In the last article, Why Warm Countries Are Poorer, I posited that mountains are the most underrated factor: A sizable share of tropical people live in the mountains, where temperatures are cooler, but this brings them high trading costs and ethnic conflict, which impoverish them. This article is now the most liked and commented article of all time in Uncharted Territories. This trove of fantastic comments have furthered the debate and illuminated new aspects, so I thought I’d address them:1
In today’s article:
Geographic arguments against the theory: Switzerland, Austria, Colorado, India, Cambodia, Indonesia, China…
Has race had any role in warm countries’ poverty?
Does this disregard colonialism?
In the premium article later this week:
More arguments against this theory
Does agriculture really matter in the 21st century?
Is this mountain thing a correlation or causation?

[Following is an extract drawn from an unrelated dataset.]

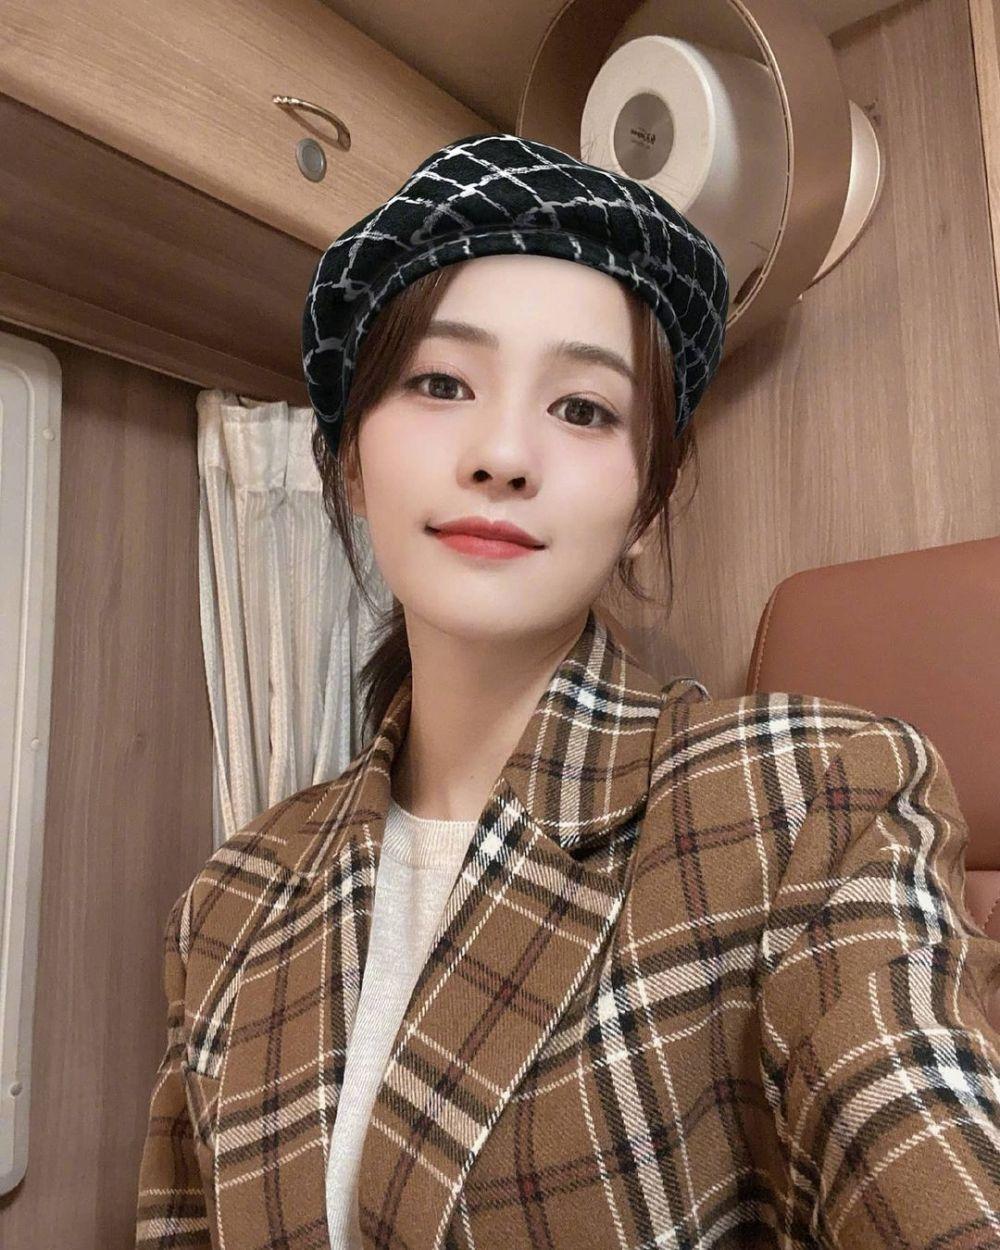 10 Fakta Bai Lu, Sosok Karyawan Memesona di CDrama Love is Sweet

What other examples support the theory? Afghanistan, Papua New Guinea, Cameroon, US
Is Air Conditioning really that important?
What’s the role of institutions?
Is GDP the right metric here?
What other factors might have contributed that I haven’t mentioned yet?
Geographic Arguments Against the Theory
Switzerland
The argument is: Switzerland is mountainous, yet rich. Therefore, mountains can’t cause poverty.
Look at Switzerland: a highly mountainous country far from the tropics, yet one of the richest on Earth (GDP per capita ~$100k). Its success comes from embracing independence and decentralization—cantons with strong local governance, direct democracy, and neutrality, the opposite of centralized empires like Russia or Spain. This suggests mountains don’t inherently cause poverty; they reward federalism and bottom-up integration over top-down control.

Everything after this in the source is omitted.